If this baseline lateralization state ‘inherited from’ the previous choice was involved in mediating the effect of the adaptive bias on choice, it might be expected to be reduced in repetitive vs. alternating environments, thus reducing subjects’ tendency to alternate in the former. Instead, the beta rebound effect (i.e., increased power contralateral vs. ipsilateral to previous choice) was about equally strong in all three environments (Figure 3B). We found no evidence for its modulation by sensory environment (repetitive vs. neutral: p=0.1511; repetitive vs. alternating: p=0.5667; neutral vs. alternating: p=0.0789; all two-sided permutation tests).

We then related the baseline M1 beta lateralization to the adaptive history bias. To this end, we adapted a single-trial regression procedure from recent monkey physiology work (Mochol et al., 2021) to relate the time-varying history bias to neural data in order to test if this bias modulated the baseline motor beta lateralization on a trial-by-trial basis. We used each individual’s time course of single-trial history bias estimated through the behavioral model (positive values for bias toward upward, Figure 1E) as predictors for the single-trial motor beta lateralization, whereby lateralization was assessed relative to the hand coding for up-choices in a given block (Materials and methods). This procedure took the impact of both previous stimuli and previous choices into account, estimated with an individually optimized number of lags. Thus, the single-trial bias estimates were largely independent of assumptions about the sources of the single-trial bias (stimuli, choices, lags). However, because the model was fit and applied separately to data from different environments, the resulting time course of single-trial bias estimates captured the context-dependent, adaptive bias components described in the preceding section. An involvement of the motor baseline state in the implementation of history bias predicts a stronger baseline beta-suppression contralateral to the hand favored by the bias, with a magnitude that scales with the strength of the bias. In other words, this scenario predicts significant negative beta coefficients, regardless of the environment.
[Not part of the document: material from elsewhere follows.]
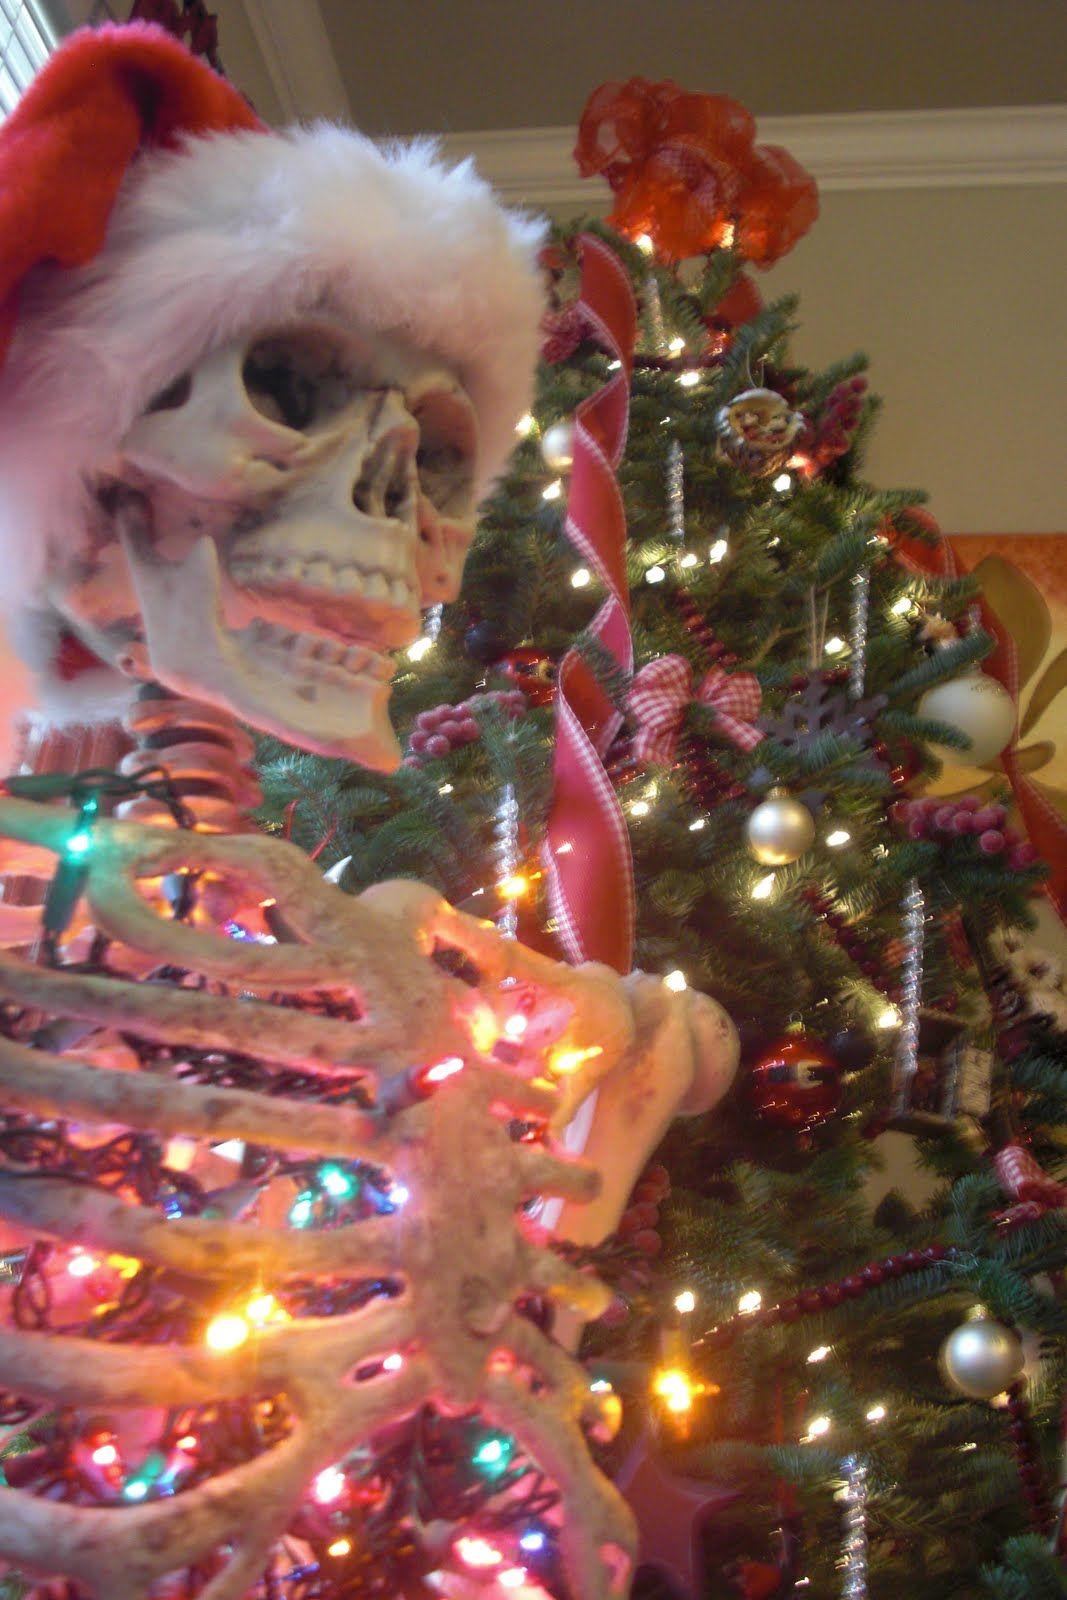 Christmas Skeleton.Everyone Needs An Articulated Skeleton Full Of Christmas
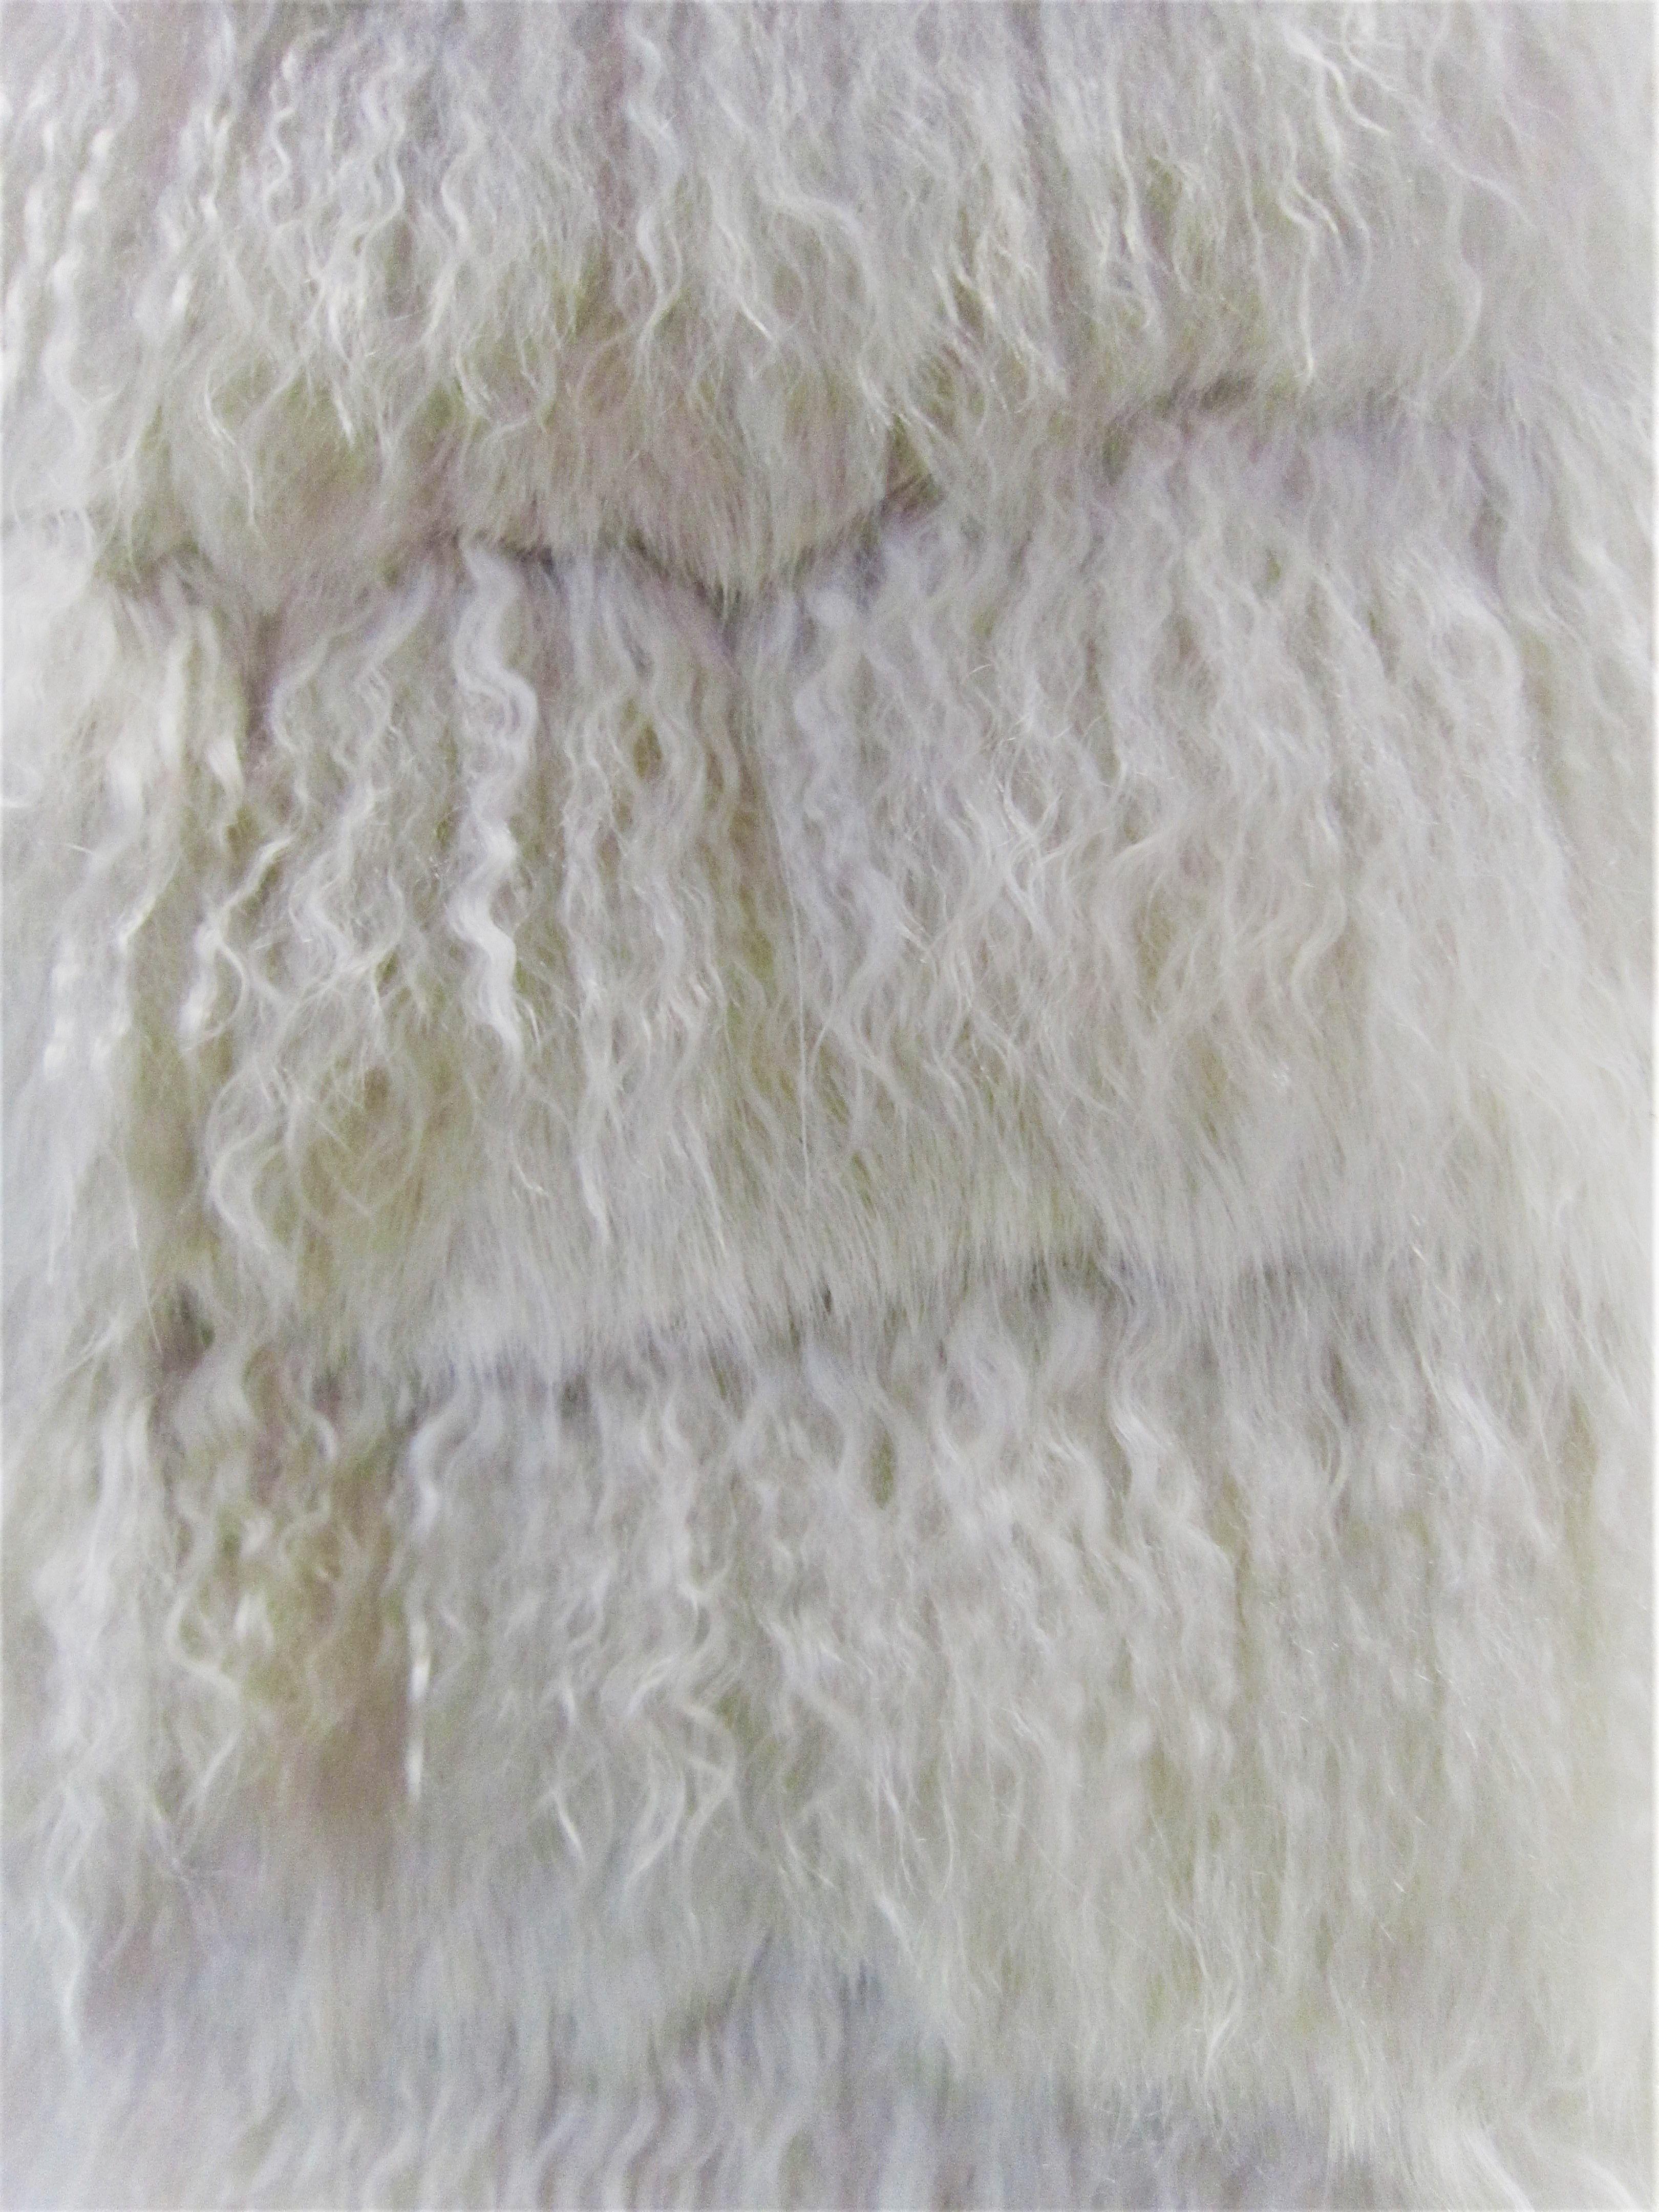 Ak europe | mongolian fur | white shades | fluffy | soft fur | winter cozy | furrery | italian style

We found no such effect when the analysis was run across all three environments (Figure 3C, ‘all’), again inconsistent with the notion of a generally bias-encoding neural signal. We did find an effect of the single-trial bias on the baseline beta lateralization state in the alternating environment when analyzed selectively (Figure 3C; p=0.0003, two-tailed permutation test). Such an effect was, however, not present for either of the other two environments (Figure 3C; all: p=0.4465; repetitive: p=0.1343; neutral: p=0.6571; two-tailed permutation tests). Overall, the results of our analyses of the baseline beta lateralization suggest the beta rebound from the previous trial may help promote choice alternation when performing in an alternating context, but does not generally encode adaptive stimulus history biases.

Adaptive history bias shapes the build-up of action-selective motor cortical activity

The analyses from the previous section assessed the dependence of the starting point (i.e., baseline level) of a neural DV-proxy on environmental context and adaptive history bias. Behavioral modeling has shown that idiosyncratic history biases in a variety of tasks in random environments are accounted for by history-dependent biases in the build-up (i.e., drift) of the DV, rather than in its starting point (Urai et al., 2019). We, therefore, next asked whether the adaptive history biases identified here might shape the build-up rate of our neural proxy of the DV during decision formation.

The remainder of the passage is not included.